Ofschoon Covid-19 en de aanpak daarvan een extreem vraagstuk is, indringender, grilliger en onbestemder dan vele andere complexe maatschappelijke vraagstukken, zitten er vele kritische lessen in. Niet alleen lessen voor de aanpak van een crisis als Covid-19, maar tevens lessen rond belangrijke facetten van de crisis: hoe ziet een krachtige relatie tussen wetenschap en beleid eruit? Hoe leer je van en hoe evalueer je overheidsmaatregelen? Hoe beïnvloed je maatschappelijk gedrag? Hoe zorg je voor krachtige handhaving? Daar zijn inmiddels de nodige opmerkingen over gemaakt.
‘De tijd van de professional die in alle rust en ruimte zijn of haar cliënten goed bedient, is al lang over’

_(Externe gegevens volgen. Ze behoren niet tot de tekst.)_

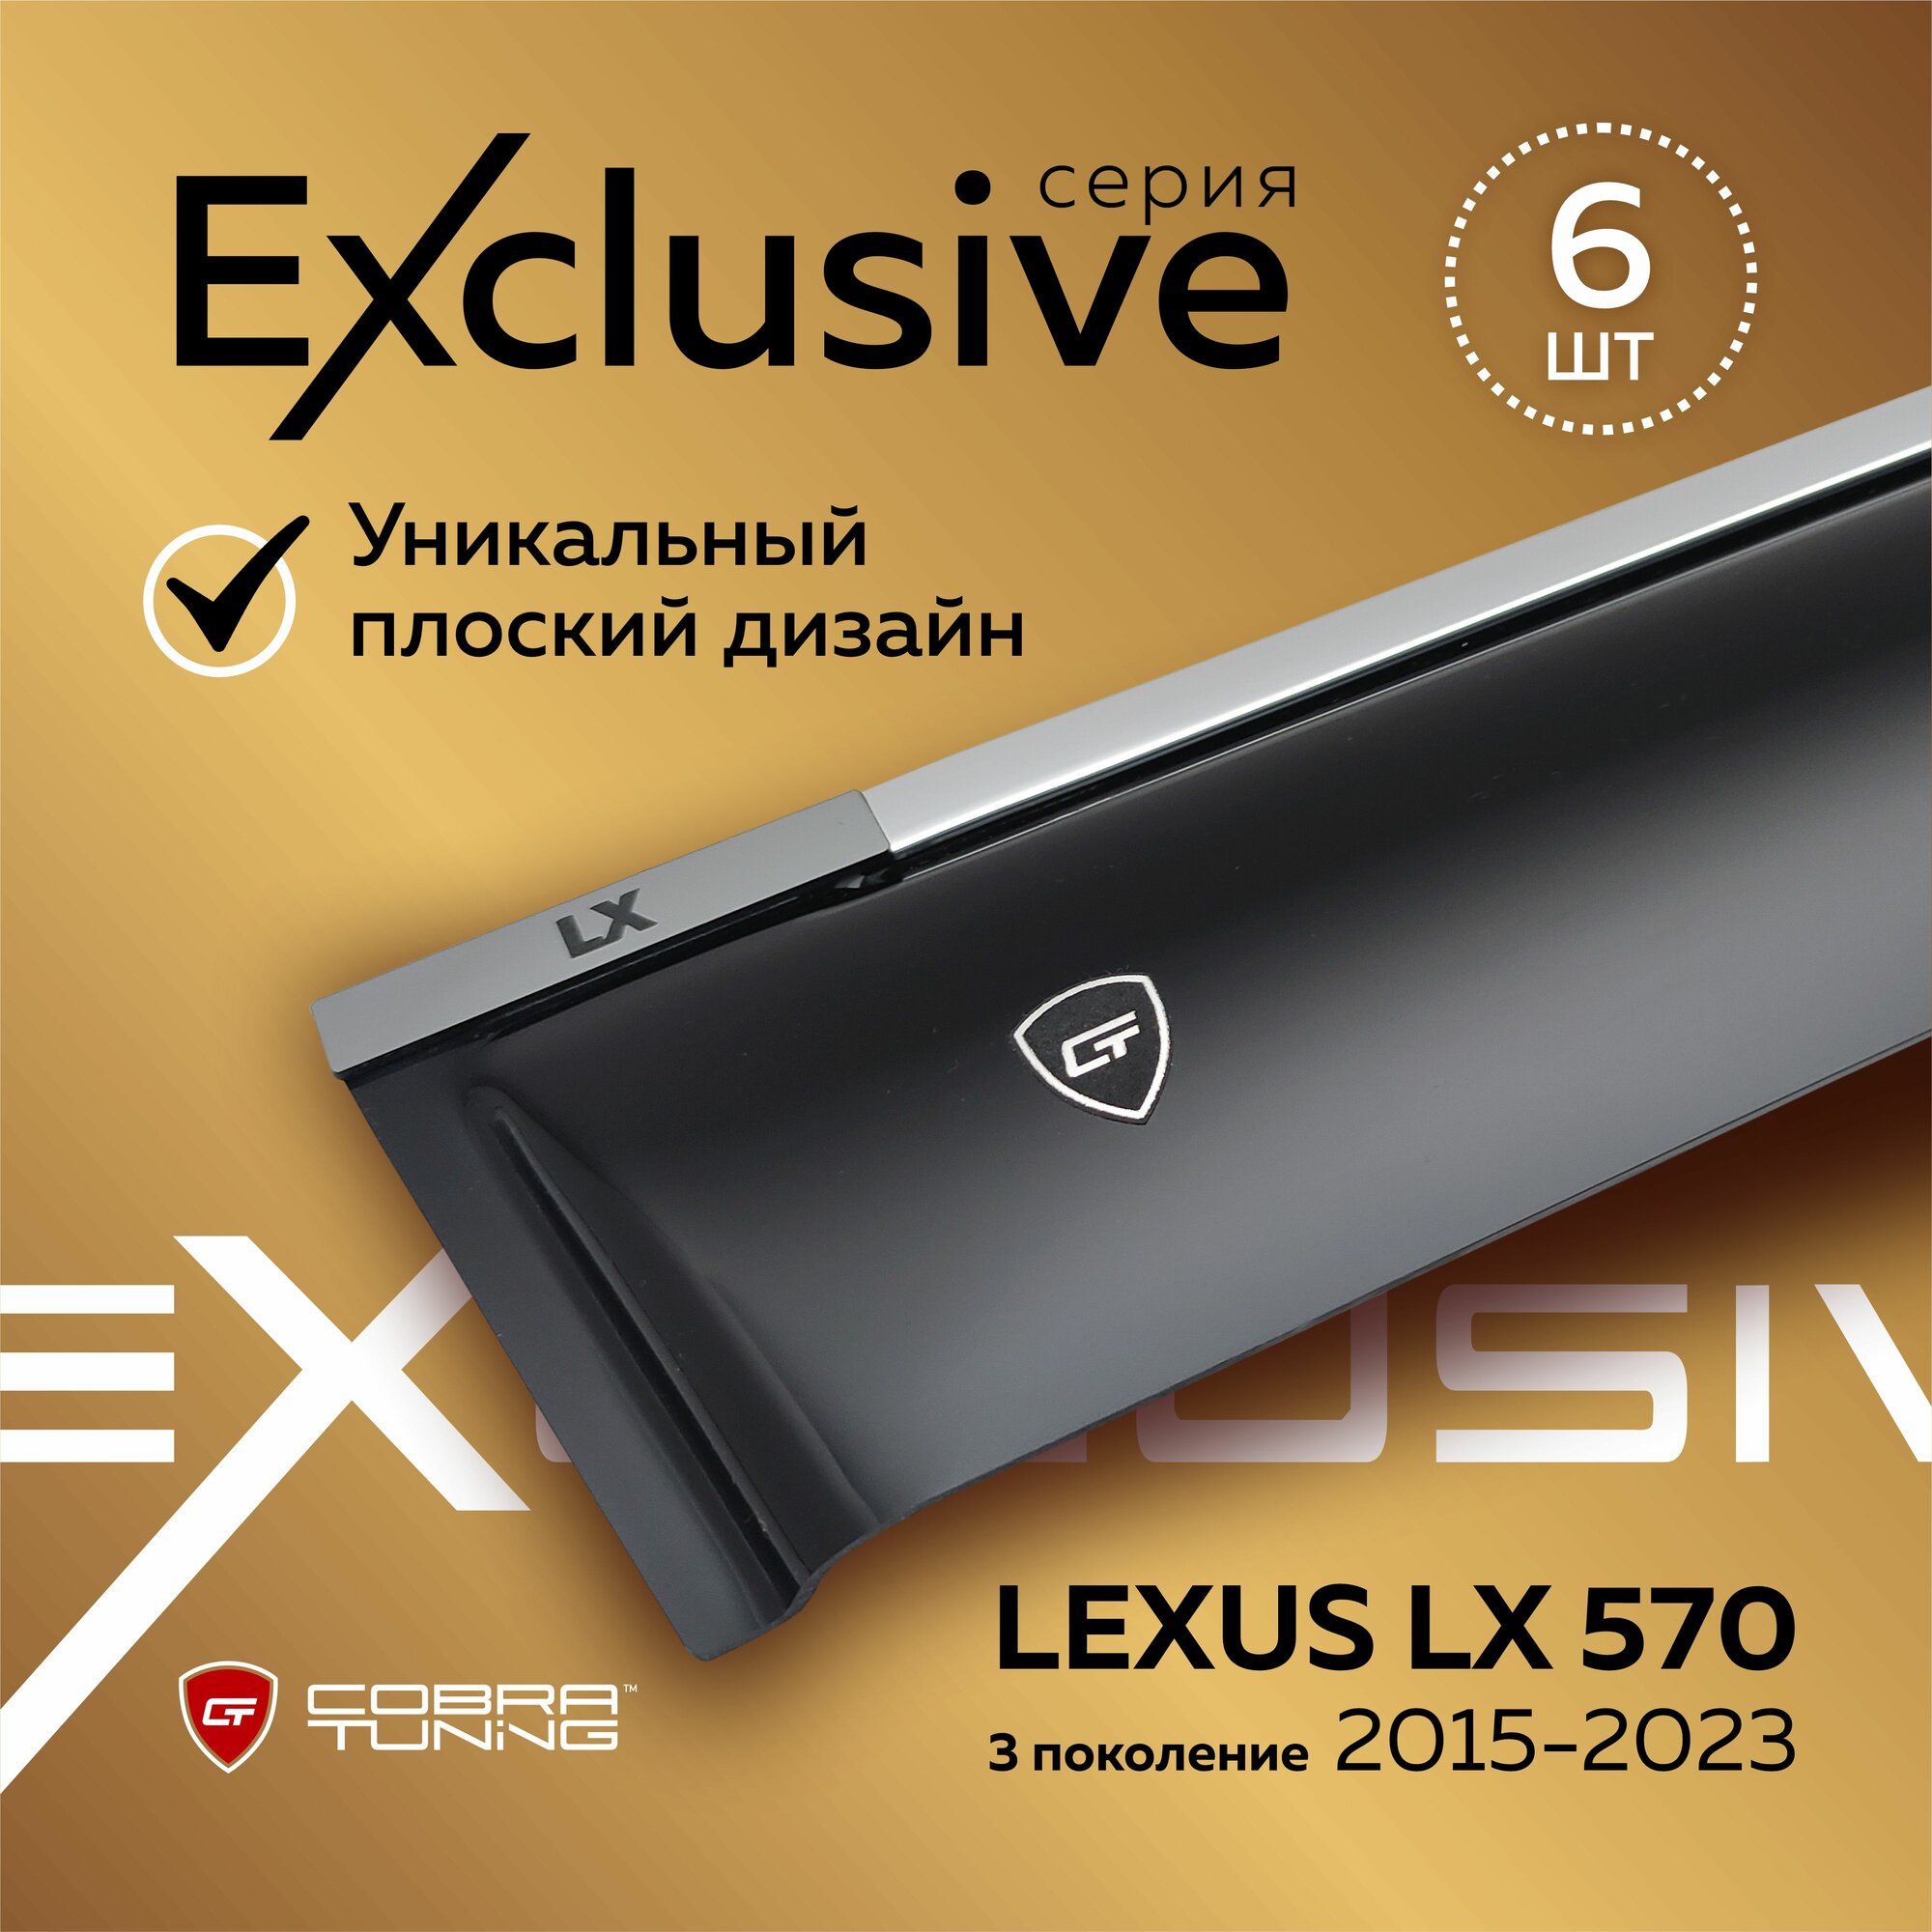 Дефлекторы боковых окон серия "Exclusive" для автомобиля Lexus LX 570 (Лексус Лх) J200, 3 поколение с 2015 по 2023, ветровики с хром молдингом, полный комплект с уголками, 6 частей, Cobra Tuning

Momenteel nog minder zichtbare of expliciete lessen kunnen we trekken aangaande publieke professionals, zoals artsen, verpleegkundigen, politieagenten en leraren. Deze professionals zijn de ‘helden’ van de Covid-19-periode geworden, zij maken het verschil, maar juist Covid-19 laat zien dat ‘de professional’ als zodanig het verschil helemaal niet maakt. Professionele dienstverlening hangt af van de inzet van duizenden personen in de ‘frontlinie’. Maar de kracht en kwaliteit van hun dienstverlening is afhankelijk van enkele andere zaken, die tot nu toe in het mainstream publieke en academische debat nogal genegeerd werden. De persoon van de professional blijkt heel relatief.

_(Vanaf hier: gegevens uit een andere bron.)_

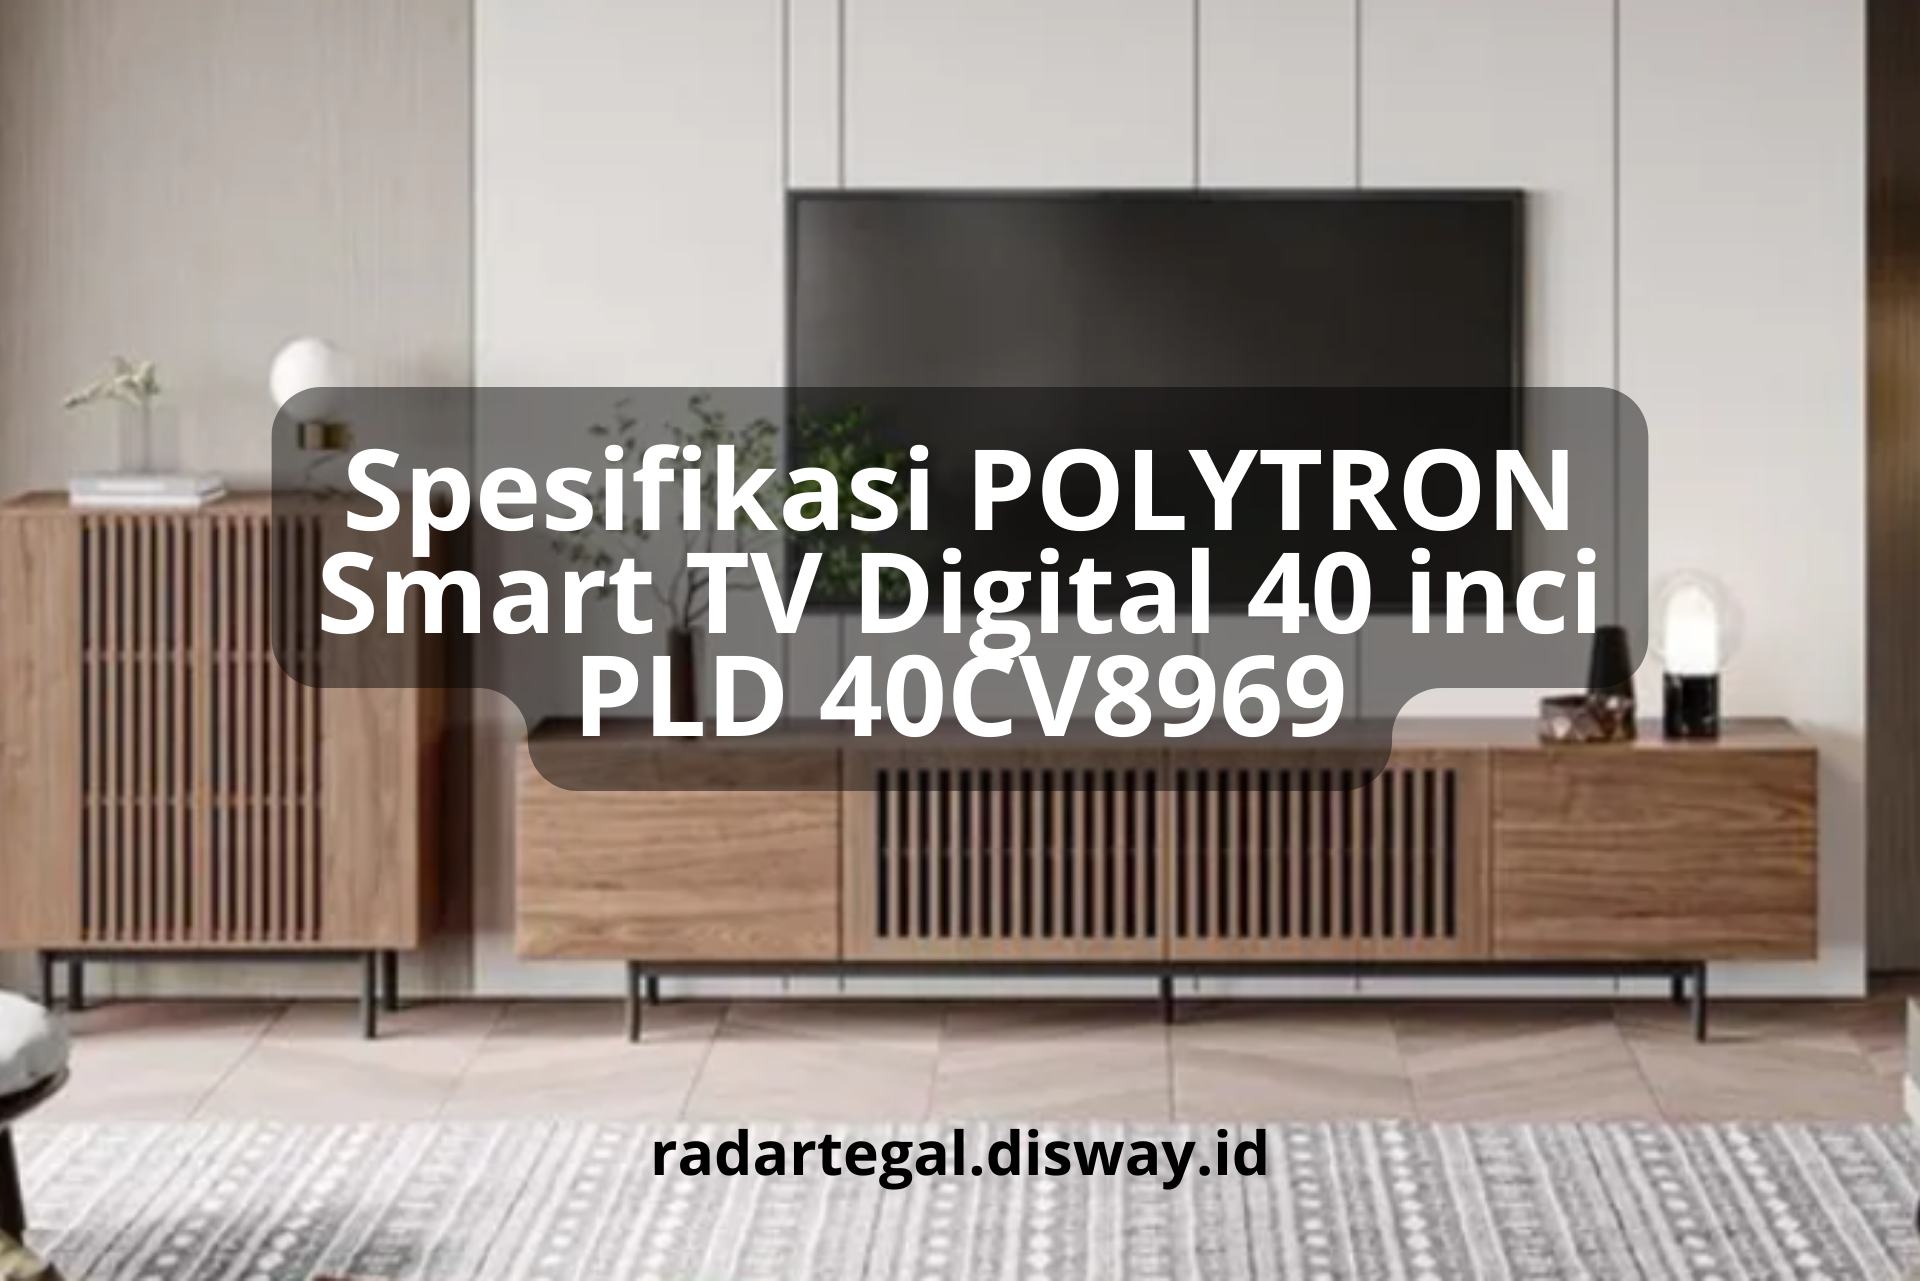 Spesifikasi Polytron Smart TV Digital 40 inci PLD 40CV8969, TV Pintar dengan Banyak Fitur-fitur Canggih

In aansluiting op een meer gespecialiseerd debat, vooral het academisch debat (zie hieronder) over de herijking van publieke professionaliteit, kwamen in de afgelopen Covid-19-weken de volgende zaken glashelder naar voren. Zij kunnen de komende tijd en vooral ook na Covid-19 het debat over professionals verder verrijken. Aan de Covid-19 periode zijn de volgende kritische observaties aangaande de ‘werkelijke aard’ van professionaliteit te ontlenen.
Samenwerking
De tijd van ‘de professional’ die in alle rust en ruimte zijn of haar cliënt(en) goed bedient, die is feitelijk al langer over, maar de relativiteit van dat beeld is door de Covid-crisis verder verhelderd. Een krachtige corona-aanpak ontstond niet doordat professionals op grond van hun kennis, expertise en ervaringen de beste behandeling kozen, maar door krachtige samenwerking. Dat geldt niet alleen voor artsen en verpleegkundigen, plus hun ondersteuners, in relatie tot kennis en onderzoek, maar ook voor politieagenten en leraren, in relatie tot beleid, opgaven en verwachtingen.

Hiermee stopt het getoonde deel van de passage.